→ Exercise description:
Please copy out each line of the listing that contains the word "Original".
Start of Block
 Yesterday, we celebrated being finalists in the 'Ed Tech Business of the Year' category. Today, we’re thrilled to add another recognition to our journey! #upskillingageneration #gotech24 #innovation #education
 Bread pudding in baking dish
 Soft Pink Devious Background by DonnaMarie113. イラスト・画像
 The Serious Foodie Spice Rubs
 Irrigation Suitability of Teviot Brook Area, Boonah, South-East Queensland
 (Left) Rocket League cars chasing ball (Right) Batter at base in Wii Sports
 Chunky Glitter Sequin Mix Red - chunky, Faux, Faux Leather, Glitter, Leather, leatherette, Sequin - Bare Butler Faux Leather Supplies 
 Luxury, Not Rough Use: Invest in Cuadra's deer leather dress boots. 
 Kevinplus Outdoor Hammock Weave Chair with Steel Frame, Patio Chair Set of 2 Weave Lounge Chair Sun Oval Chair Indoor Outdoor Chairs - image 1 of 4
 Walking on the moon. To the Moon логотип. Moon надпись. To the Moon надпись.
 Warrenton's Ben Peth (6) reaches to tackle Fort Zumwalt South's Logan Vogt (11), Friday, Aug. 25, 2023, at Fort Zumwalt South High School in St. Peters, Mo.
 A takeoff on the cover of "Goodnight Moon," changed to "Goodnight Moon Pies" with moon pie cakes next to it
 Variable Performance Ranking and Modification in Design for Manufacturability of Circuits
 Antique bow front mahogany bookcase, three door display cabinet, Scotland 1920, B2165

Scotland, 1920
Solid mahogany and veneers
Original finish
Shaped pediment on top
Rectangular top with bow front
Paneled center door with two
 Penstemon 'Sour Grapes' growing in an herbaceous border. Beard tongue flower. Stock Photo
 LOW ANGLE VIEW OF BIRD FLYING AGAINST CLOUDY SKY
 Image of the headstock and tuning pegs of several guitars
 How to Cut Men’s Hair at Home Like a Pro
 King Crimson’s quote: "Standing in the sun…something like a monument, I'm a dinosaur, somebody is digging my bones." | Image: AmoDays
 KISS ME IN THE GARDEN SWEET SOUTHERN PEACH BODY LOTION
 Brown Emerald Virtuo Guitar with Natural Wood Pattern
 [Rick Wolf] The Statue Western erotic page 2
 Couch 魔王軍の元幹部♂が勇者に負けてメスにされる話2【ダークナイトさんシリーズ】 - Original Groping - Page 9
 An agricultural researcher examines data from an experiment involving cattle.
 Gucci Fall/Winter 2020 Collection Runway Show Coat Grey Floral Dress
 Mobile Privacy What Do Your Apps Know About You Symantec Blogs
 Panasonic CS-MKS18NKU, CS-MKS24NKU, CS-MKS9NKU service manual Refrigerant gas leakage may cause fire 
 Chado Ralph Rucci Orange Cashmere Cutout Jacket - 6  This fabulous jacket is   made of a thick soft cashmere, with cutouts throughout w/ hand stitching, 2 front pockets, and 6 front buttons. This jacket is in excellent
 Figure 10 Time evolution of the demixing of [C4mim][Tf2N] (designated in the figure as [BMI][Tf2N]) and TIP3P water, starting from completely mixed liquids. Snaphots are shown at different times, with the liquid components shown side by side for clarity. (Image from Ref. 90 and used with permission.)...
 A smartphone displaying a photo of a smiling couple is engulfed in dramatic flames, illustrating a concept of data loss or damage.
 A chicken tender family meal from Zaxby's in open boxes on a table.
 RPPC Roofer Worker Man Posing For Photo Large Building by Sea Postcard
End of Block
→ Written response:
Original finish
 Couch 魔王軍の元幹部♂が勇者に負けてメスにされる話2【ダークナイトさんシリーズ】 - Original Groping - Page 9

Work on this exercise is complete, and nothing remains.